Потом он поднялся и, указывая на нас с Президентом расставленными рогаткой пальцами, сказал:
— Пойдете с нами, солдаты.
Повстанцы поправили одежду и двинулись в сторону каменной дороги.
В некотором отдалении пошла за нами и моя мать.
А отец — нет, он стоял на своем месте с котелком в руке.
Между отцом и матерью топтался, шаг вперед — шаг назад, мой младший брат, который никак не мог понять, в какую сторону ему пойти.
Матери сначала крикнули, чтоб шла назад, но она не послушалась, и тогда в ее сторону выстрелили из автомата. Пули прошли над головой матери. Несколько веток упали.
Она так и не решилась перешагнуть через ветки, но только повторяла и повторяла:
— Мне нужны эти дети!
Вечером повстанцы пришли к большому лагерю, где находилось еще сто таких же, как они. Повстанцы были веселы и хорошо накормили нас.
Уже ночью меня ввели в палатку к человеку в красивой форме со множеством карманов. Ноги его были прикрыты одеялом. Все называли его майором.
Он расспросил меня о родителях. Я сказал ему, что желаю матери добра, но совсем не желаю жить дома.
Он спросил, не хочу ли я учиться.
— Мне не нравится ходить с деревянным стульчиком! — засмеялся я. Я однажды видел, как дети из другой деревни шли в школу по большой дороге, и у каждого к спине был привязан деревянный стульчик. Это казалось смешным.
Майор тоже засмеялся, но сказал, что знает другую школу и там вообще не нужно будет сидеть.
Потом он говорил про находящийся в городе Временный правящий совет, в котором собрались тупые зверьки, позволяющие белым людям воровать всё, что должно принадлежать нам, и заражать черных дурной смертью.
— Они заразили твою мать — и она умерла бы, — сказал он, — но мы отправим ее лечиться, когда возьмем город и освободим все больницы, где лечатся только дети зверьков и родители зверьков.
Еще он сказал, что революция — это велосипед, если остановится — упадет. Но про велосипед я не понял.
Он спросил, о чем я мечтаю; я решил, что про велосипед, наверное, сейчас не стоит говорить, и поэтому сказал про цветную рубашку. Это второе, что я вспомнил.
Он спросил, что я люблю, я сказал, что музыку.
Он сказал, что у меня будет самая цветная рубашка, а музыка будет всегда играть вокруг меня.
Потом майор поговорил с Президентом, и тот вернулся в необыкновенной радости: ему пообещали сделать наколку на груди с лицом Анжелины.
Спать нас положили в палатку: мы с Президентом долго трогали тугую ткань руками и тихо смеялись.
Утром нас с Президентом усадили в грузовую машину и через несколько часов привезли на большую базу, где оказалось еще три десятка таких же недоростков, как и мы.

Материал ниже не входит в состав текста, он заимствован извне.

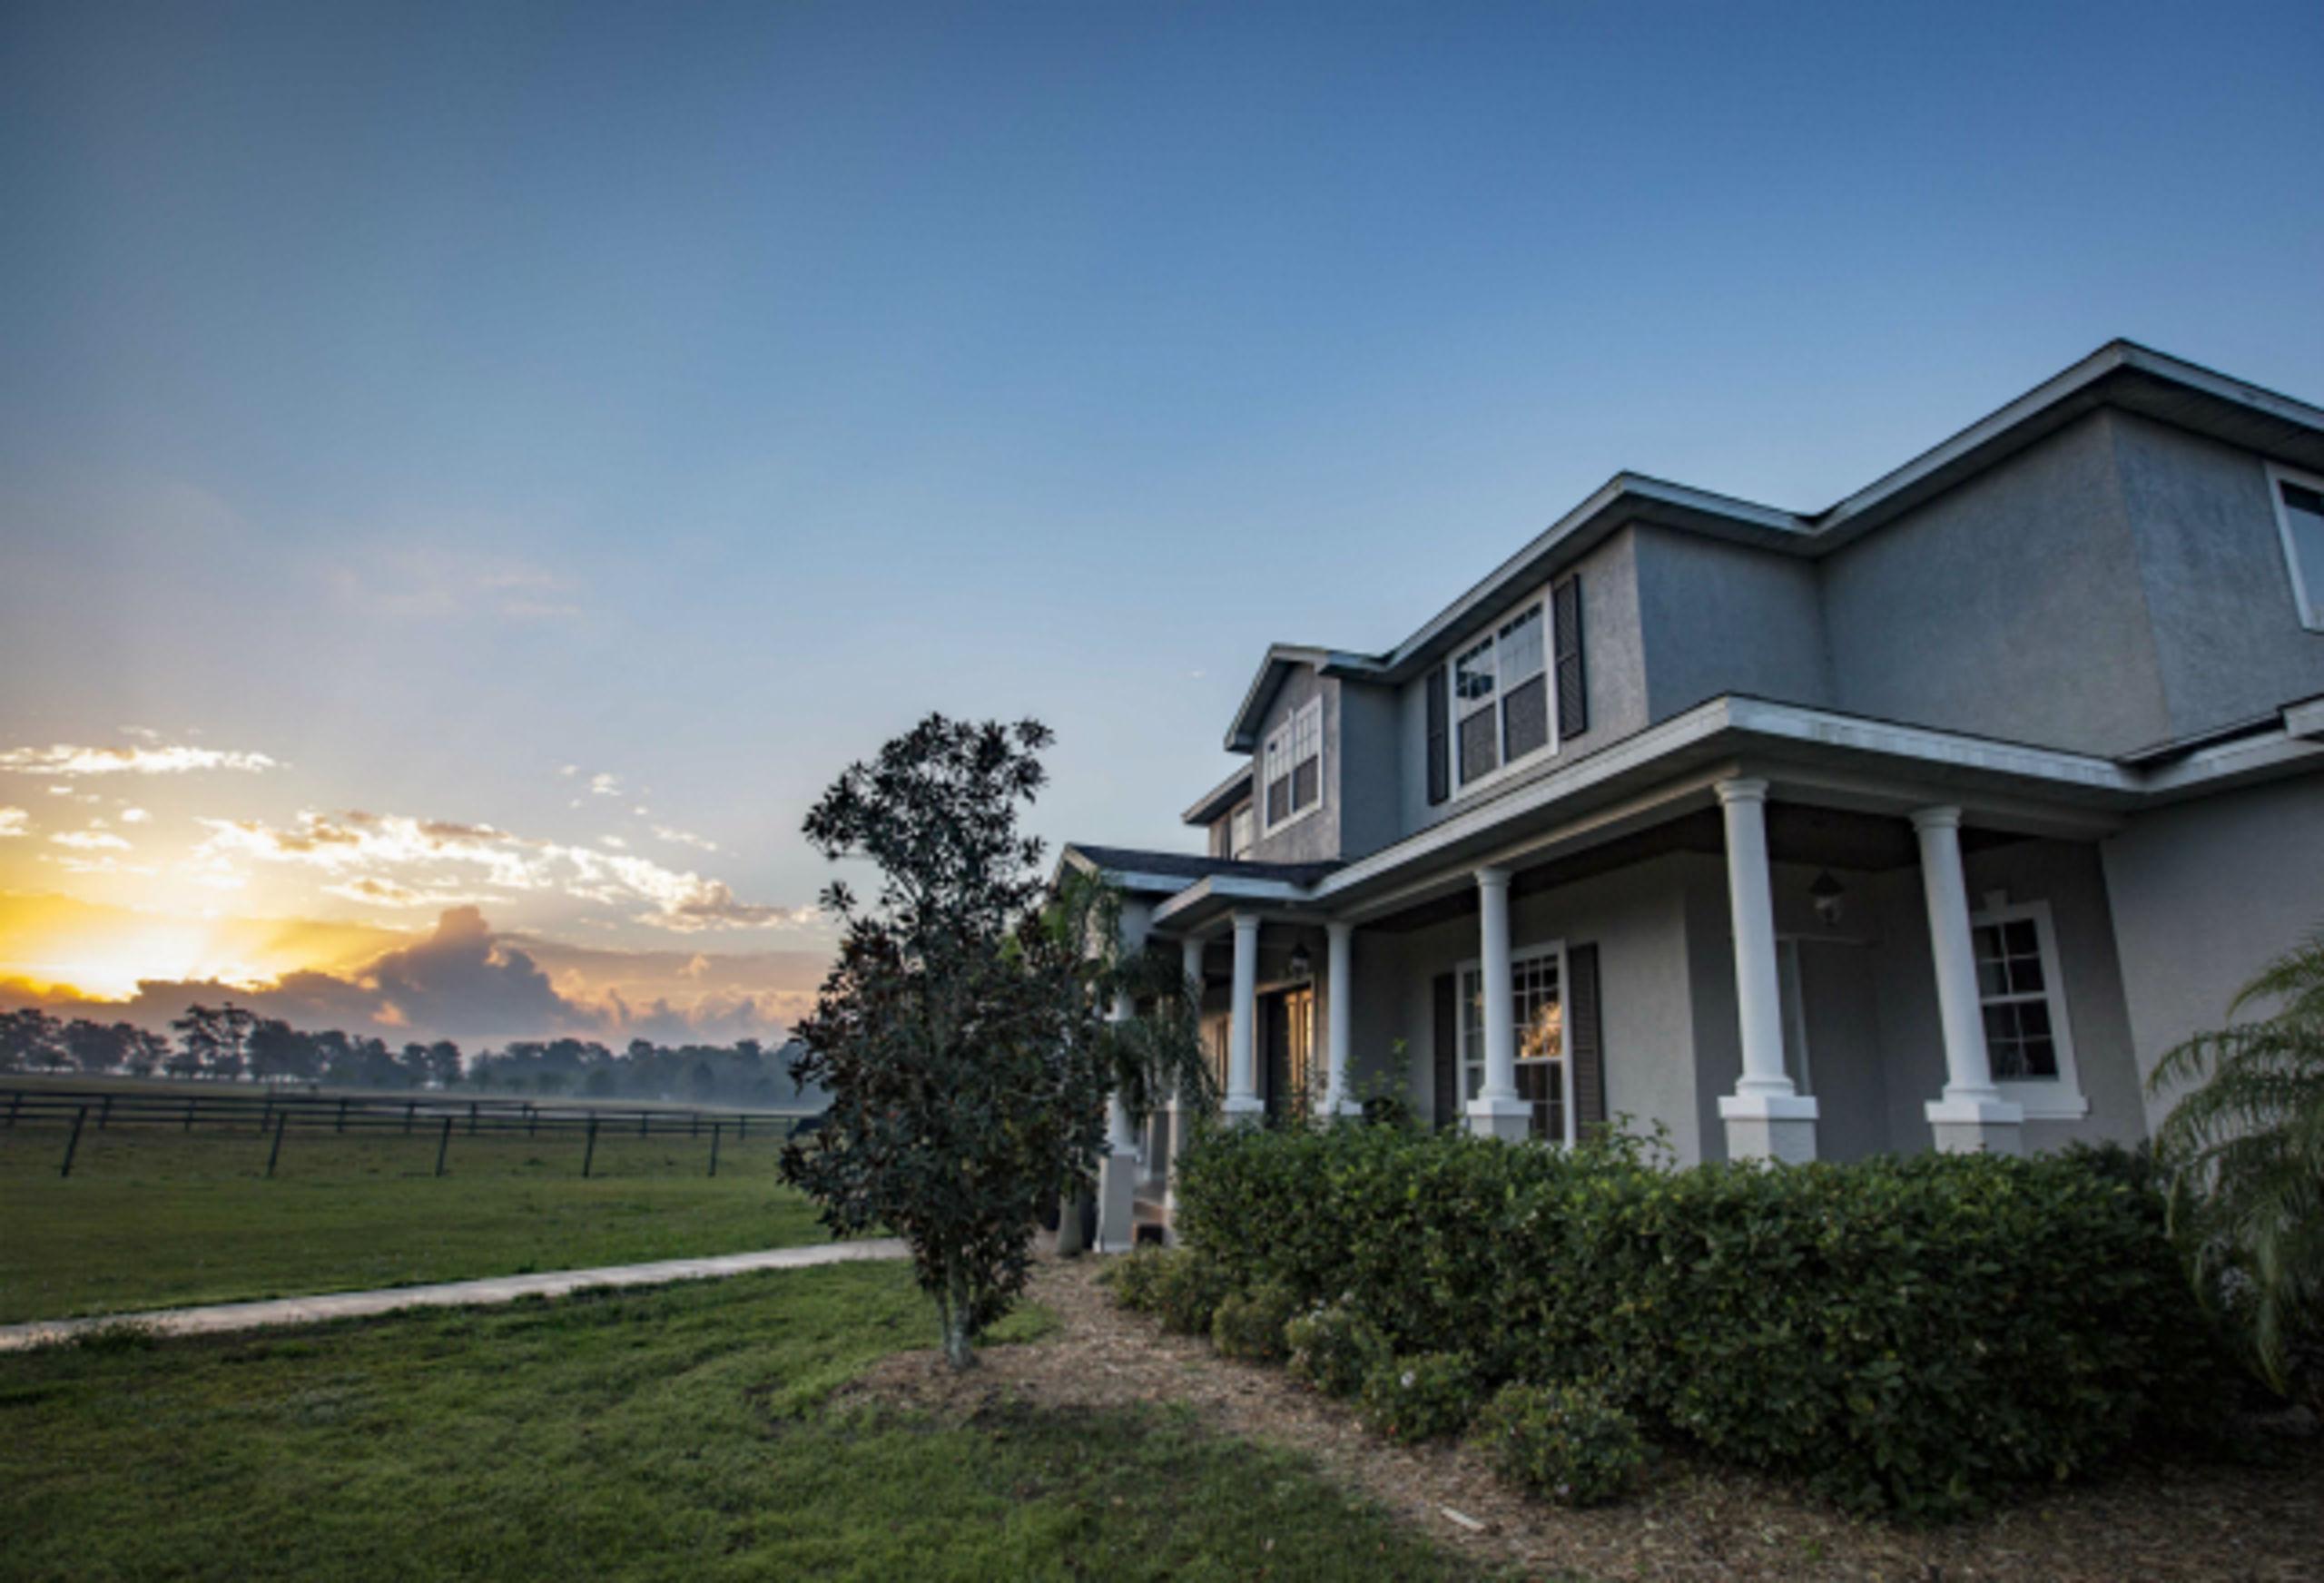 Maui Real Estate | Adam Miller | Keller Williams Realty

Зато все они были с оружием.
Военный в красивой форме представил одного из них:
— Его зовут Господу Видней. Он ваш брат и командир. Он научит вас воевать. А я скажу, чтоб вам привезли рубашки и музыку. И парня, который умеет делать татуировки.
У Господу Видней был шрам через щеку и такой след от ожога на ноге, словно мясо вывернули наизнанку, но он даже не хромал.
База была окружена огромным забором с колючей проволокой. Посреди базы высилось одно здание, где и жили собравшиеся здесь недоростки. В больших сараях стояли несколько быков и диких коз, которых недоростки кормили чем попало.
Мы учились недолго.
Господу Видней дал нам по автомату и показал, как разбирать оружие, чтобы почистить и собрать его, уже чистое. Оказалось, что это очень приятное занятие.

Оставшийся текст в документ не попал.